TO DO –
Output exactly the lines below from the one containing "2 _potential_alternatives_to_dichloralphenazone.jpg" to the last line, both included. Omit pictures.

(Stored data)
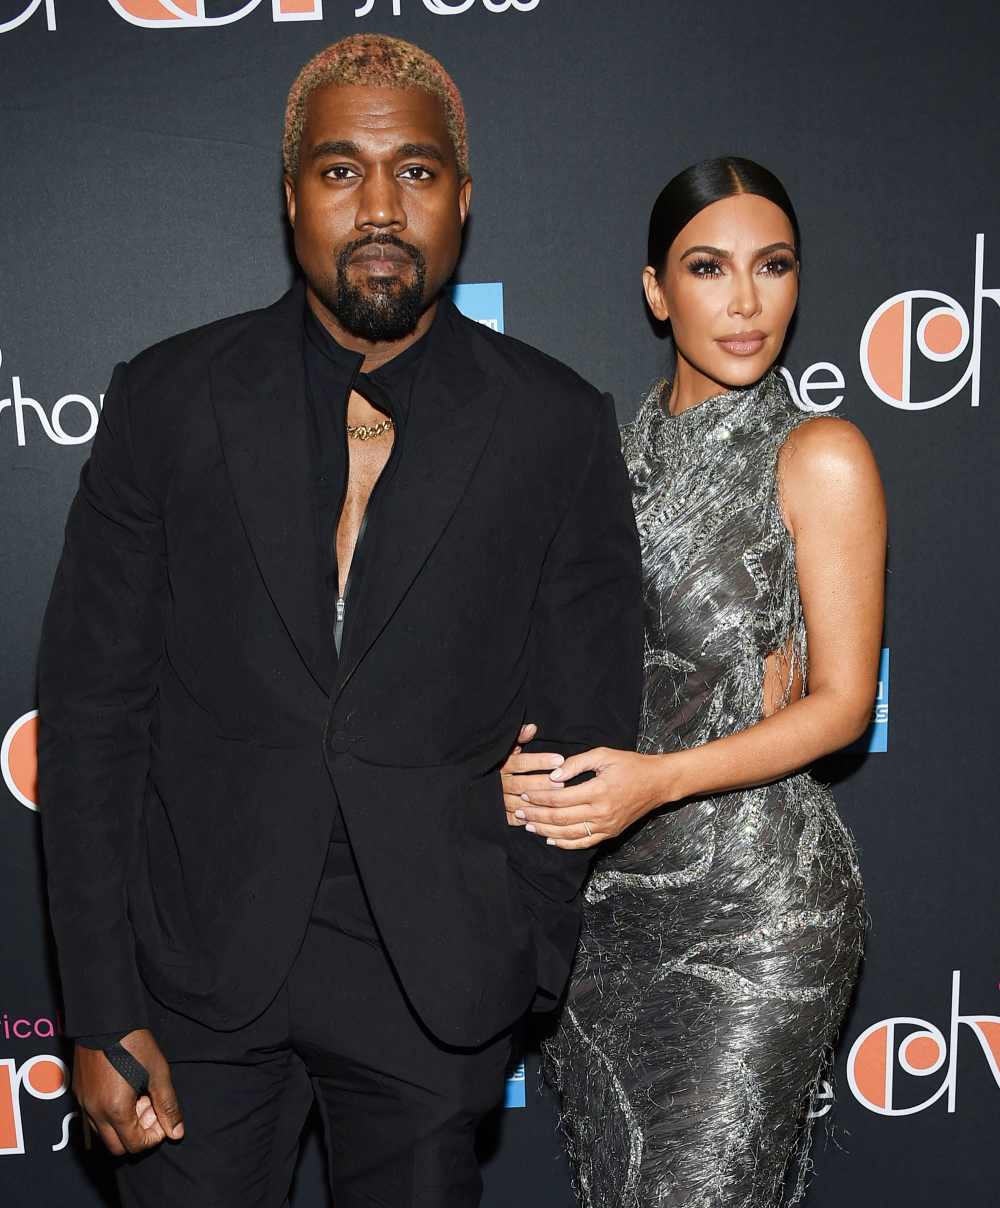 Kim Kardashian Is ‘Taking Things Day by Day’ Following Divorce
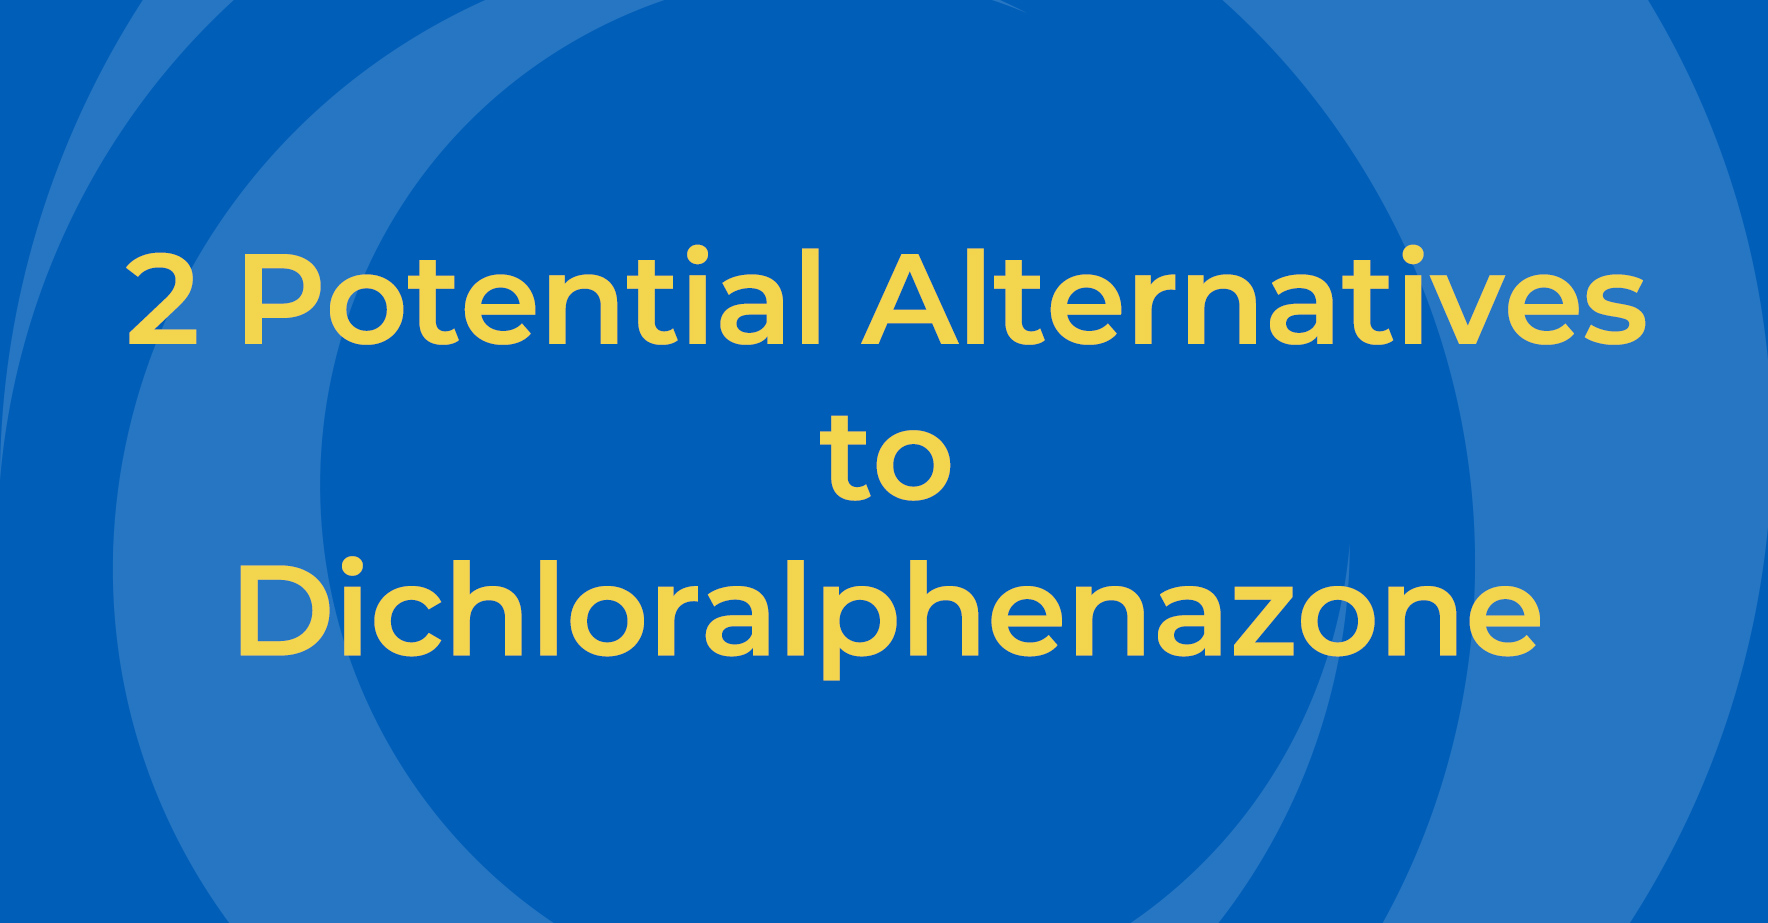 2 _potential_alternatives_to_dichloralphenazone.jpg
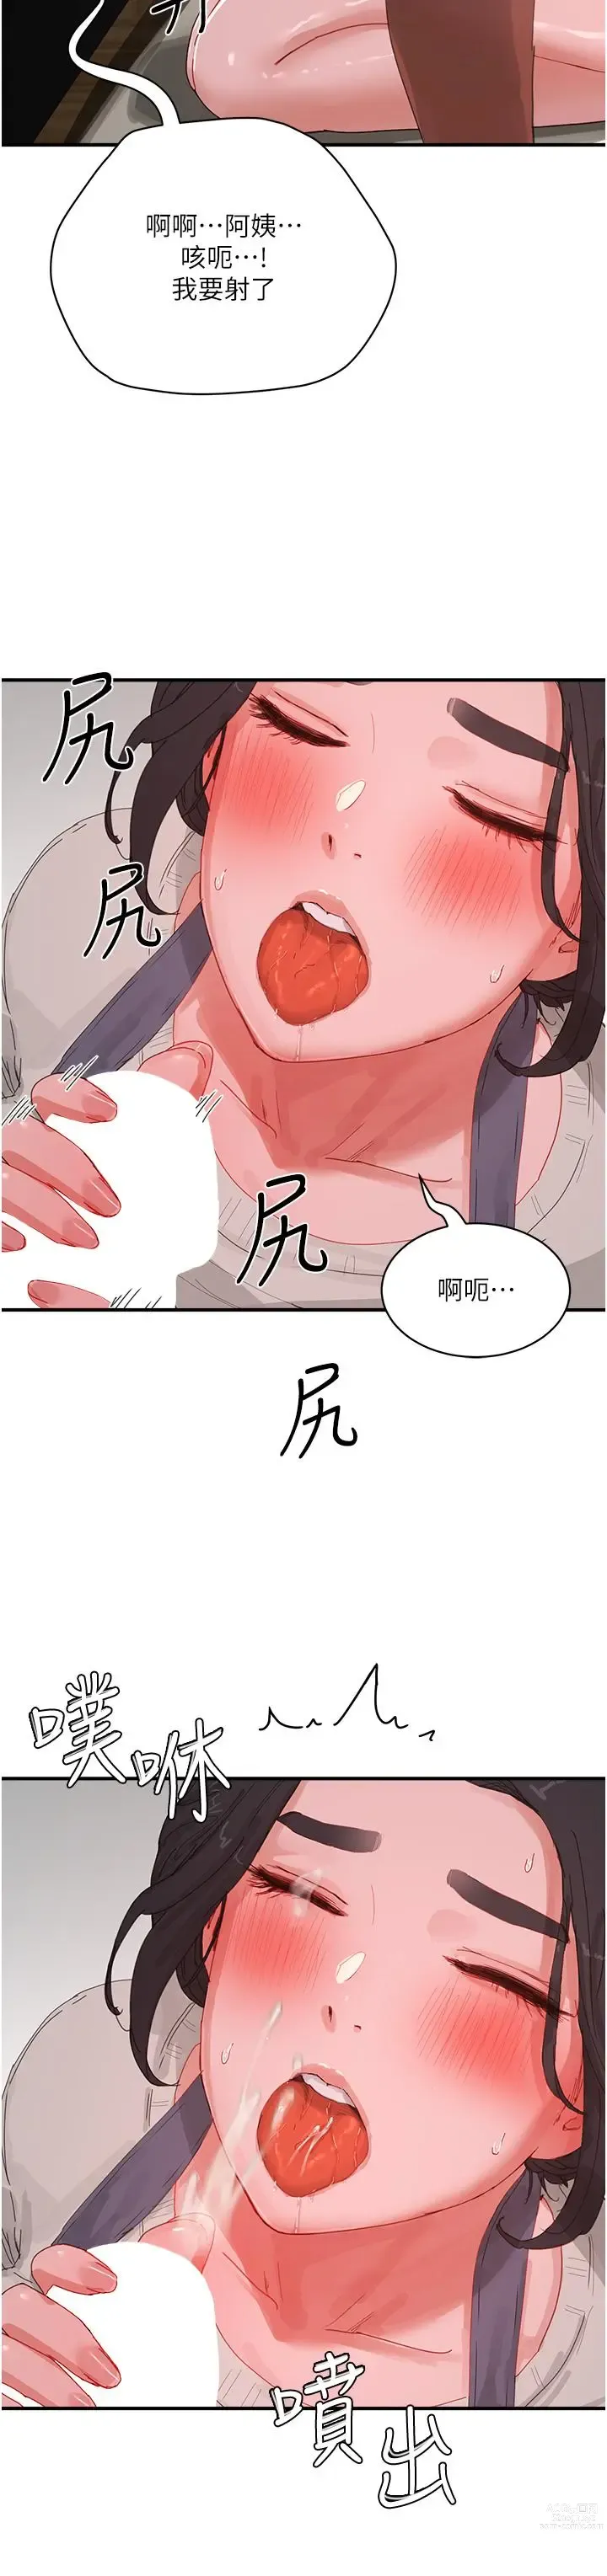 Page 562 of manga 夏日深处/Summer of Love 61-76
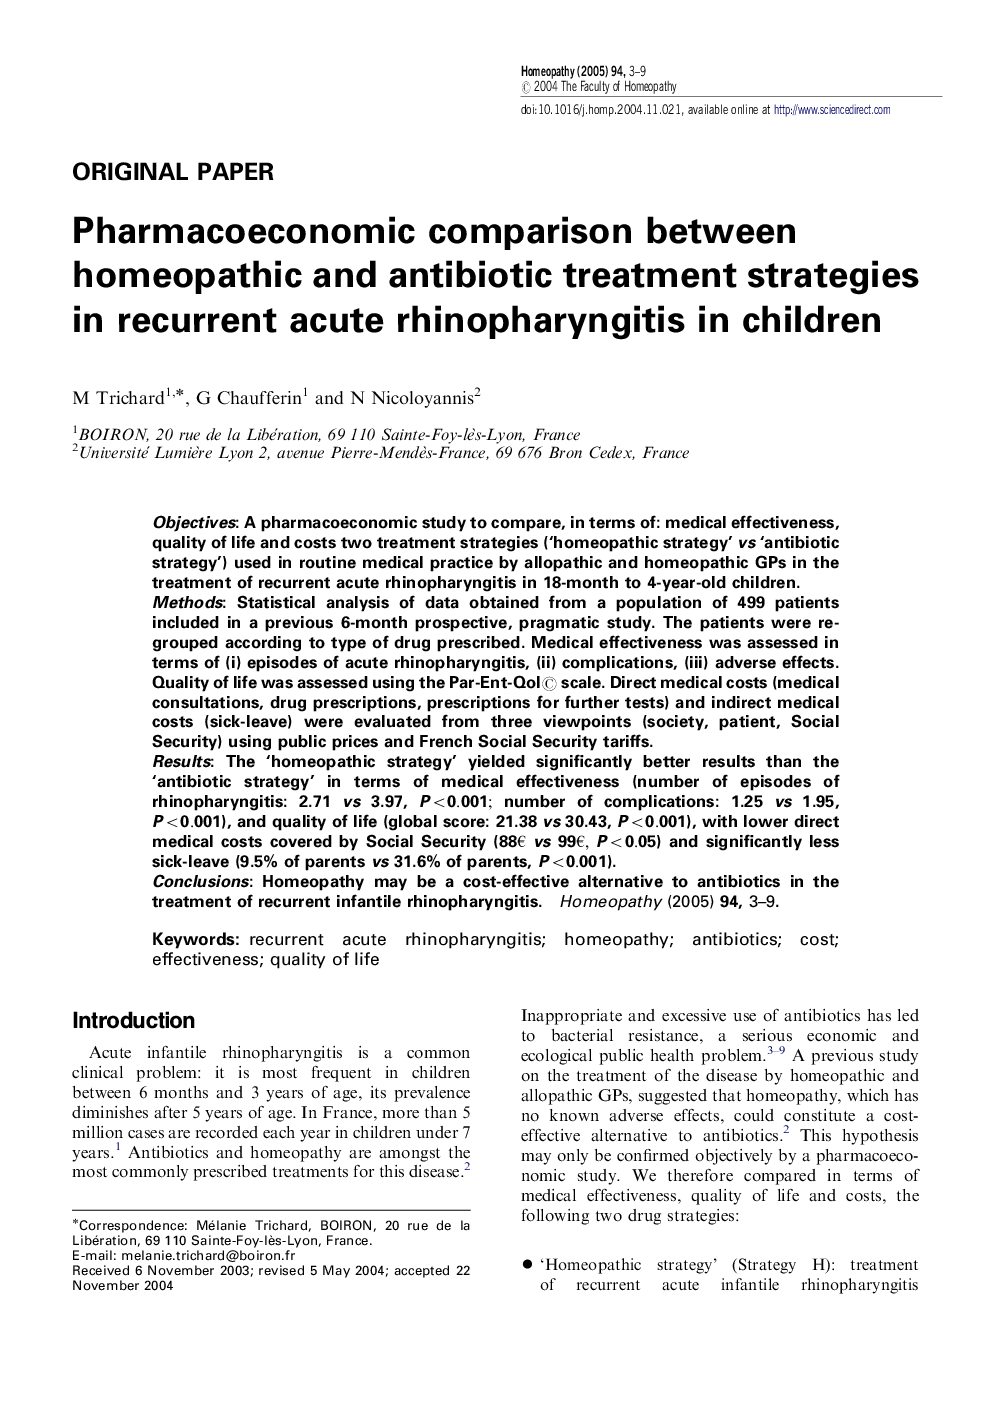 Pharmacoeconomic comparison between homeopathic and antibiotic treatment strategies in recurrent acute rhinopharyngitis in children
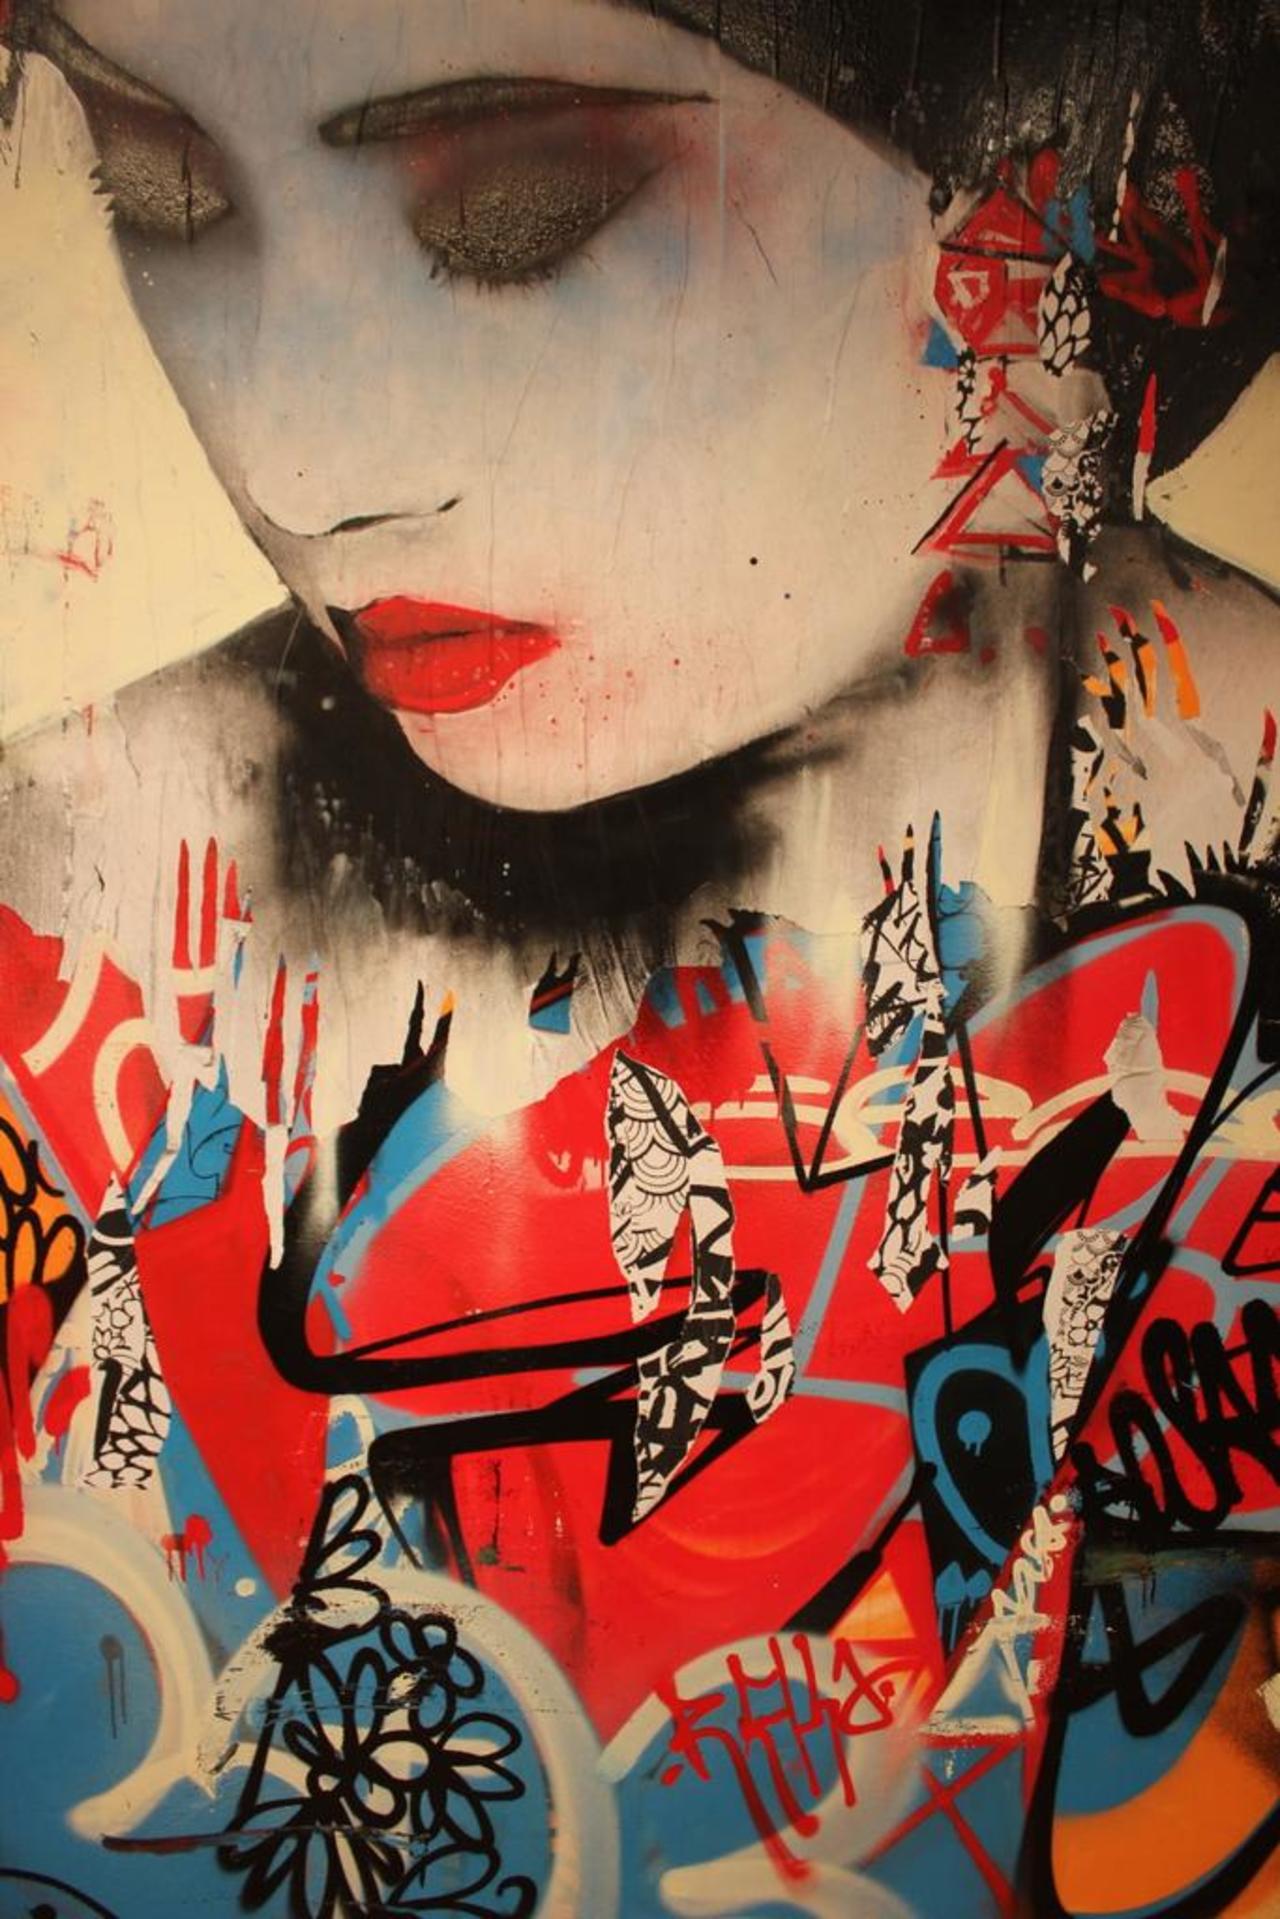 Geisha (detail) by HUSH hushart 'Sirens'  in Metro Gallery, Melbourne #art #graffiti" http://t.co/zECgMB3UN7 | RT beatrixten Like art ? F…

RESULT –
 2 _potential_alternatives_to_dichloralphenazone.jpg
 Page 562 of manga 夏日深处/Summer of Love 61-76
 Pharmacoeconomic comparison between homeopathic and antibiotic treatment strategies in recurrent acute rhinopharyngitis in children
 Geisha (detail) by HUSH hushart 'Sirens'  in Metro Gallery, Melbourne #art #graffiti" http://t.co/zECgMB3UN7 | RT beatrixten Like art ? F…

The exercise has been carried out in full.